### What the exercise asks
Lift out, unaltered, the lines of the material below between the line holding "Britain's Corbyn meets" and the line holding "Bedroom Ideas With Dark Furniture Hawk Haven", counting both.

[Available data Boundary: Start]

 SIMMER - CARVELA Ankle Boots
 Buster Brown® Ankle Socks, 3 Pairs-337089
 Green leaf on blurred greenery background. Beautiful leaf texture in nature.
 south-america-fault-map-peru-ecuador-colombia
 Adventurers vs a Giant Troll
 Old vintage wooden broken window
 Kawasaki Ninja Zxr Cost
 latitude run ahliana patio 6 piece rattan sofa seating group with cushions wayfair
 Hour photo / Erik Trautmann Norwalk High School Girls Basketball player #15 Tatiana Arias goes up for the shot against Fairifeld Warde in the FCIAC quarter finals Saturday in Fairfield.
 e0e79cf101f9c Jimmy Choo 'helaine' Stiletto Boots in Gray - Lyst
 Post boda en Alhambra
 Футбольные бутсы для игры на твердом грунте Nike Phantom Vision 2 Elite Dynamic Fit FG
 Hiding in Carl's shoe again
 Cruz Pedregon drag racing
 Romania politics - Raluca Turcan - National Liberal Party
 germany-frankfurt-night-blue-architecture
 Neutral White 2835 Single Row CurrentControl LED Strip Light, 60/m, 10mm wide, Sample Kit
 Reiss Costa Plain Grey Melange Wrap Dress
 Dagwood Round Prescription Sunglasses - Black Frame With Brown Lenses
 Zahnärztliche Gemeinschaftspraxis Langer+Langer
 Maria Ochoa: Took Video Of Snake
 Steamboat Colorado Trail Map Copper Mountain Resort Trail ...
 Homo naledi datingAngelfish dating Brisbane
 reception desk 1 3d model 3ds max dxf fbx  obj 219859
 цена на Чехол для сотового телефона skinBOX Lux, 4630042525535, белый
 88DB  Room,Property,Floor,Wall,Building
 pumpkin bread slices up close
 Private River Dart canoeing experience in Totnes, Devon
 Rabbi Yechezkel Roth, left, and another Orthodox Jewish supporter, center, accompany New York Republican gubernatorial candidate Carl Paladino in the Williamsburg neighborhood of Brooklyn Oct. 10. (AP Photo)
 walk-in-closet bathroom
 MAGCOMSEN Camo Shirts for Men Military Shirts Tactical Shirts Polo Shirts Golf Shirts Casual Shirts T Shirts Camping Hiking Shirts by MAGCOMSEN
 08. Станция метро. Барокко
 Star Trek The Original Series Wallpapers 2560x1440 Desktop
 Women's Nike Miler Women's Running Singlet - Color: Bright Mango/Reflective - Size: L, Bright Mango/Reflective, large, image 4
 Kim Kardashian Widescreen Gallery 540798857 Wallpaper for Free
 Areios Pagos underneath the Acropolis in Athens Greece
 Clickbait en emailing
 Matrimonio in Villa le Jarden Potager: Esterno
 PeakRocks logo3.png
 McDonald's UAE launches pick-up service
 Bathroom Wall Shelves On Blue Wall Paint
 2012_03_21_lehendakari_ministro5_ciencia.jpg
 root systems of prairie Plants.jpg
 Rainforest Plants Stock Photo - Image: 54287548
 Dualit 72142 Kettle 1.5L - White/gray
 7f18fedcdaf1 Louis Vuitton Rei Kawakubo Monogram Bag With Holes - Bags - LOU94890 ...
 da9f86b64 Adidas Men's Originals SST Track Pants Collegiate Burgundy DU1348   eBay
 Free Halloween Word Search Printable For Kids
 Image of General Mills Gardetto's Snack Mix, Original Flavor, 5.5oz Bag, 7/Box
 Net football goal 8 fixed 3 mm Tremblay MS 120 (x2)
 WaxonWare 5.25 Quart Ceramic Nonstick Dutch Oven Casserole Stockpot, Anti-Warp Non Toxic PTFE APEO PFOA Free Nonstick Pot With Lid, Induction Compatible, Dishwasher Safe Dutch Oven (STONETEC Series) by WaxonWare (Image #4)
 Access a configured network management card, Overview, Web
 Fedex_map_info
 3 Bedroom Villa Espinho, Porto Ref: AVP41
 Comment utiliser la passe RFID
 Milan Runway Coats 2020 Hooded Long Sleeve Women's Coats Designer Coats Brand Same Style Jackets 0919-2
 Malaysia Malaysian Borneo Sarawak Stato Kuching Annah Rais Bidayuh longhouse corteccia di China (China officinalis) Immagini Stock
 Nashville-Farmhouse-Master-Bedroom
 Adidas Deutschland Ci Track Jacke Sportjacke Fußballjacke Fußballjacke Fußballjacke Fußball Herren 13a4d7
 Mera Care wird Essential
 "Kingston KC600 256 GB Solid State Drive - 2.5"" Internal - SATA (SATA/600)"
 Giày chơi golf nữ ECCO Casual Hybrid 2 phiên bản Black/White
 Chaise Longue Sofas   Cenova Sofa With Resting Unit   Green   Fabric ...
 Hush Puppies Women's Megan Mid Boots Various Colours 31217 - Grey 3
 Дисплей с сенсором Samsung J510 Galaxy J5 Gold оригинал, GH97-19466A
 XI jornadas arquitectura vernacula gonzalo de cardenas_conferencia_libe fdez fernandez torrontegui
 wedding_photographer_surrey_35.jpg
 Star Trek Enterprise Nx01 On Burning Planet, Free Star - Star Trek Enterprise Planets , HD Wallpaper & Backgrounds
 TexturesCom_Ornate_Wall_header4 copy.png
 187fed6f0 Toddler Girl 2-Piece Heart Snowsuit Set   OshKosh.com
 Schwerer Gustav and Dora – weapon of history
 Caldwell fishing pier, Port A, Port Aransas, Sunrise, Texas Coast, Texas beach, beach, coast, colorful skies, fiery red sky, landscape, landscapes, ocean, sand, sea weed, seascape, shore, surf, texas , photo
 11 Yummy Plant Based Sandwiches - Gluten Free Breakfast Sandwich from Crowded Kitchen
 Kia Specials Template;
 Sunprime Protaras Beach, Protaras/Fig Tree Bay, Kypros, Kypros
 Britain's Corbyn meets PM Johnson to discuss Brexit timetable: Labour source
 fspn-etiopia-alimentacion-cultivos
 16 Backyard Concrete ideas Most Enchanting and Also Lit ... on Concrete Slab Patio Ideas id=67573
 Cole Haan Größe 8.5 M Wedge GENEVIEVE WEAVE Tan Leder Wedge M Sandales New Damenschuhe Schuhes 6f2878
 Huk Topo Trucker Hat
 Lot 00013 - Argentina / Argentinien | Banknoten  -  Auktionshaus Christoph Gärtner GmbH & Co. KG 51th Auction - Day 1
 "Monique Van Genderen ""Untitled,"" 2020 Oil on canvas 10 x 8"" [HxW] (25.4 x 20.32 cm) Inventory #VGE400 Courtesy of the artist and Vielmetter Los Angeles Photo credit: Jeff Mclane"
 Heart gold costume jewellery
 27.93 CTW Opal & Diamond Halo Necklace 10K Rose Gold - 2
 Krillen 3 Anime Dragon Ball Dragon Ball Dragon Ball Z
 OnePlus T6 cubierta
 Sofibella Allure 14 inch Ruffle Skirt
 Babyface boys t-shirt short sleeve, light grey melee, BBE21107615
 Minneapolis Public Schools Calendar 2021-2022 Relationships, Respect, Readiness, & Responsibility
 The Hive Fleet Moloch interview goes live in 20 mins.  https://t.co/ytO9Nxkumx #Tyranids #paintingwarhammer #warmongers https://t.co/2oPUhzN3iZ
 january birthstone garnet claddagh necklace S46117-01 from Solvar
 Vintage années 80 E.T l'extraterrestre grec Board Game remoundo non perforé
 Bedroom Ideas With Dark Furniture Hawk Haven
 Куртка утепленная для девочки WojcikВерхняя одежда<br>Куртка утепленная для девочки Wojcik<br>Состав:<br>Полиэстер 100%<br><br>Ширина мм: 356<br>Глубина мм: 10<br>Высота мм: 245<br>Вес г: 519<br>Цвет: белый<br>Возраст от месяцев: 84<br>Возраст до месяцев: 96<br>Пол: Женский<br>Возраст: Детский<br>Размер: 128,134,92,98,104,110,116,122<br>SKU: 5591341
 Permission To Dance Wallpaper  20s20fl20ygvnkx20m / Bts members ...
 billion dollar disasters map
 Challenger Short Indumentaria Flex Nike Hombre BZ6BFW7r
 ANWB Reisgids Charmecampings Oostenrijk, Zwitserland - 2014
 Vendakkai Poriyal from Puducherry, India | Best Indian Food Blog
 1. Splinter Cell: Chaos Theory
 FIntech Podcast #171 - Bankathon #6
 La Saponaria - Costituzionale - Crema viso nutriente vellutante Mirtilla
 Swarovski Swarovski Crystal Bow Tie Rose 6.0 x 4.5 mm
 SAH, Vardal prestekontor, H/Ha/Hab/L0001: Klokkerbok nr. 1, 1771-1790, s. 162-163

[Available data Boundary: End]

### Task output
 Britain's Corbyn meets PM Johnson to discuss Brexit timetable: Labour source
 fspn-etiopia-alimentacion-cultivos
 16 Backyard Concrete ideas Most Enchanting and Also Lit ... on Concrete Slab Patio Ideas id=67573
 Cole Haan Größe 8.5 M Wedge GENEVIEVE WEAVE Tan Leder Wedge M Sandales New Damenschuhe Schuhes 6f2878
 Huk Topo Trucker Hat
 Lot 00013 - Argentina / Argentinien | Banknoten  -  Auktionshaus Christoph Gärtner GmbH & Co. KG 51th Auction - Day 1
 "Monique Van Genderen ""Untitled,"" 2020 Oil on canvas 10 x 8"" [HxW] (25.4 x 20.32 cm) Inventory #VGE400 Courtesy of the artist and Vielmetter Los Angeles Photo credit: Jeff Mclane"
 Heart gold costume jewellery
 27.93 CTW Opal & Diamond Halo Necklace 10K Rose Gold - 2
 Krillen 3 Anime Dragon Ball Dragon Ball Dragon Ball Z
 OnePlus T6 cubierta
 Sofibella Allure 14 inch Ruffle Skirt
 Babyface boys t-shirt short sleeve, light grey melee, BBE21107615
 Minneapolis Public Schools Calendar 2021-2022 Relationships, Respect, Readiness, & Responsibility
 The Hive Fleet Moloch interview goes live in 20 mins.  https://t.co/ytO9Nxkumx #Tyranids #paintingwarhammer #warmongers https://t.co/2oPUhzN3iZ
 january birthstone garnet claddagh necklace S46117-01 from Solvar
 Vintage années 80 E.T l'extraterrestre grec Board Game remoundo non perforé
 Bedroom Ideas With Dark Furniture Hawk Haven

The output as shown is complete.